Industry Matters Newsletter
Jennifer Holmgren, CEO, LanzaTech
Jennifer Holmgren, CEO, LanzaTech

Dr. Jennifer Holmgren is CEO of revolutionary carbon recycling company, LanzaTech. Prior to LanzaTech, Jennifer was VP and General Manager of the Renewable Energy and Chemicals business unit at UOP LLC, a Honeywell Company. Under her management, UOP technology became instrumental in producing nearly all of the initial fuels used by commercial airlines and the military for testing and certification of alternative aviation fuel. Today, under Jennifer’s guidance, LanzaTech is working towards deploying carbon capture and reuse facilities globally to make fuels and chemicals from waste carbon.  In 2015, Jennifer and her team at LanzaTech were awarded the U.S. Environmental Protection Agency Presidential Green Chemistry Award and she received the BIO Rosalind Franklin Award for Leadership in Industrial Biotechnology and the Outstanding Leader Award in Corporate Social Innovation from the YWCA Metropolitan Chicago.

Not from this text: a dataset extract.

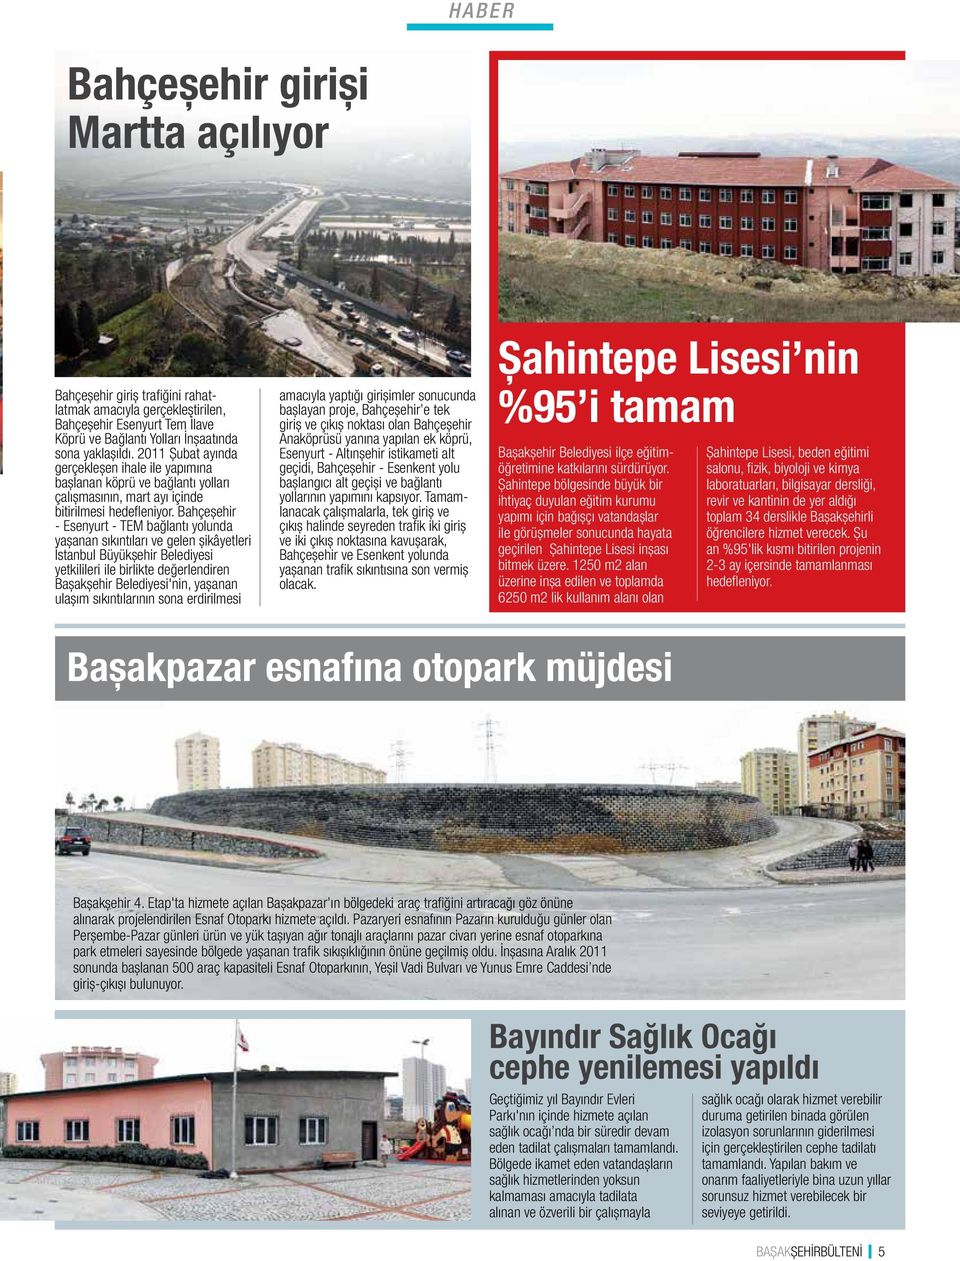 Bahçeşehir - Esenyurt - TEM bağlantı yolunda yaşanan sıkıntıları ve gelen şikâyetleri İstanbul Büyükşehir Belediyesi yetkilileri ile birlikte değerlendiren Başakşehir Belediyesi'nin, yaşanan ulaşım

She was named most influential leader in the Bioeconomy by Biofuels Digest in 2017 and received the Digest Global Bioenergy Leadership Award in 2018. A member of the National Academy of Engineering, a dog lover and committed greyhound rescuer, Jennifer holds a BSc degree from Harvey Mudd College, a PhD from the University of Illinois at Urbana-Champaign and an MBA from the University of Chicago.  Jennifer is also the Director and Chair of the LanzaJet Board of Directors.  LanzaJet, Inc., is a new company that will produce sustainable aviation fuel (SAF) for a sector requiring climate friendly fuel options.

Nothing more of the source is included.